JaKarr Sampson made a shot for St. John’s, a layup, the Johnnies exploiting an extraordinary height advantage over the Rams. The St. John’s segment stirred a little. Sir’Dominic Pointer dunked. Then he laid one in. Then Orlando Sanchez made a layup, and his free throw completed a three-point play.

And Sampson made another layup.

And then another.

On the Fordham sideline, coach Tom Pecora said to himself: “Well, they can’t keep shooting like that.’’

He was right. The Red Storm would get even hotter. A dunk by Sanchez. A jumper by Sampson. A dunk by Pointer, and a 3 by Phil Greene, and …

“We took turns dominating the game,” Sampson would say later.

It was extraordinary. It was surreal. It was a stretch of 12 minutes and 37 seconds that was as close to perfect as the sport allows. Seventeen shots St. John’s attempted. Seventeen times the ball splashed clean. By the time D’Angelo Harrison missed a jumper with 51 seconds left in the half a two-point lead had ballooned to 18 and the Johnnies were shooting 88 percent from the field.

Eighty-eight percent.

Five guys shooting alone and unguarded in an empty gym would have a hard time shooting 88 percent.

“We shared the sugar,” is the way St. John’s coach Steve Lavin would describe it later on, when this 104-58 St.
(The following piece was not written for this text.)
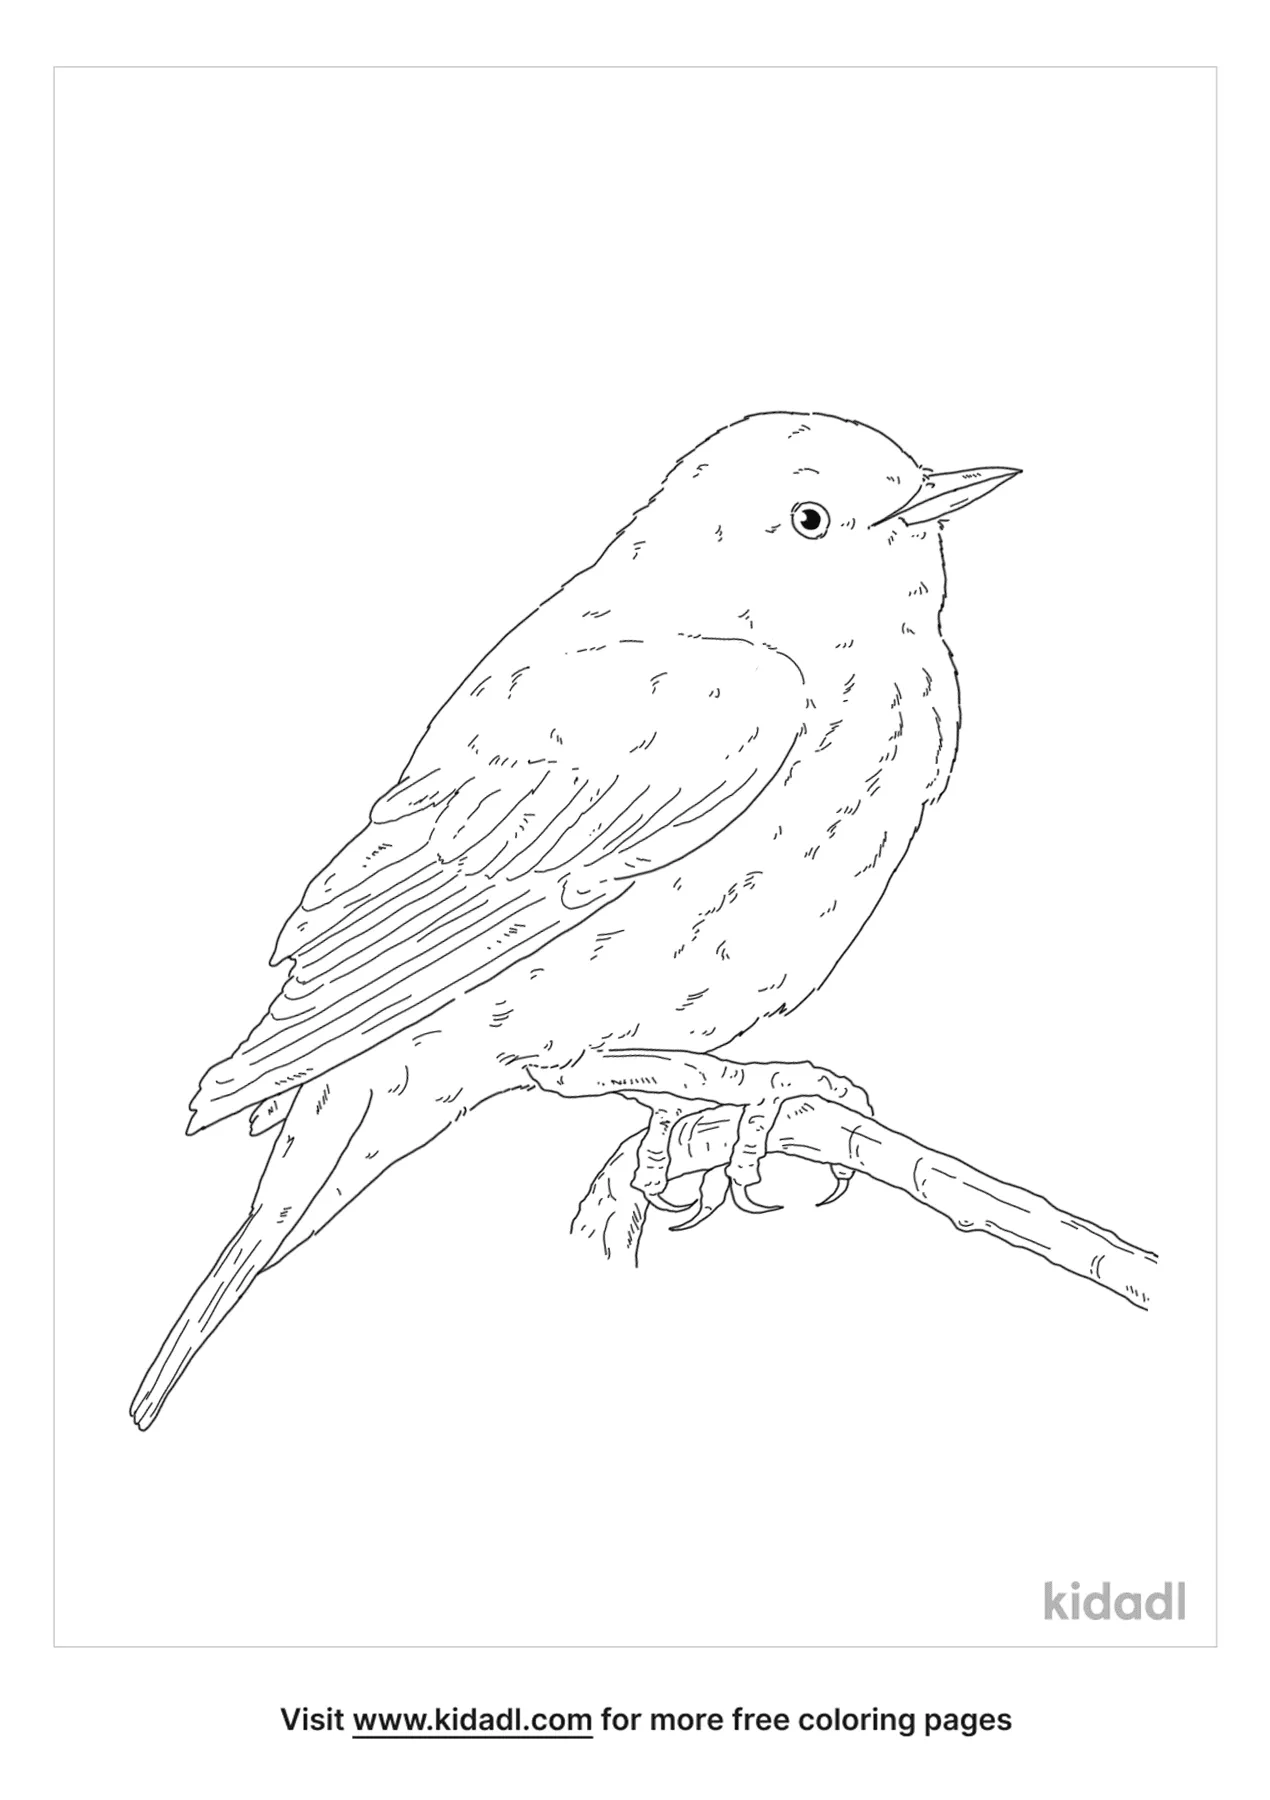 Pine Warbler Coloring Page | Free Birds Coloring Page | Kidadl

John’s victory was complete. “Some things came together that we’ve been working on. I like the pieces. I like where we can be in February and March.”

Where they were on Pearl Harbor Day wasn’t so terrible, either. Fordham is a nice club, was 4-2 coming in, had beaten Manhattan, but there was a reason the Rams were 12-point underdogs. St. John’s was supposed to win this game, and win it comfortably.

But not this comfortably.

Not chaise-lounge-and-a-frozen-drink comfortably.

“It’s tough to guard all of us at the same time,” Harrison said, and if this is the way the Johnnies are going to share the ball and shoot the ball and defend, then we may well be at the start of what could be fun, fun trip from here to the Big East Tournament.

“If they shoot the ball like this,” Pecora said, “I can see great things for them.”

Now, this is the same team that was life-and-death with Bucknell, which played sluggishly against Monmouth and Longwood. But even after this beat-down of their outer-boroughs rival, they showed a refreshing candor and a more refreshing humility, indicative of a team that fully understands the game isn’t always going to be thiseasy.

“Everyone had their game going today,” Harrison said.

“Everyone was clicking,” Sampson said. “It’s fun to see all your teammates out there doing well.”

It’s fun to shoot 66 percent for the game, to have 29 assists against nine turnovers, to hold Fordham’s splendid freshman, Jon Severe, to 1-for-21 shooting from the floor, to emerge from this intramural city squabble with a surge of momentum.

“It’s hard to imagine being able to play better than that,” Sampson said, and as Fordham returned to Rose Hill — ZIP code 10458 — maybe they took that as a consolation prize: St. John’s saved their best for them. Though probably not.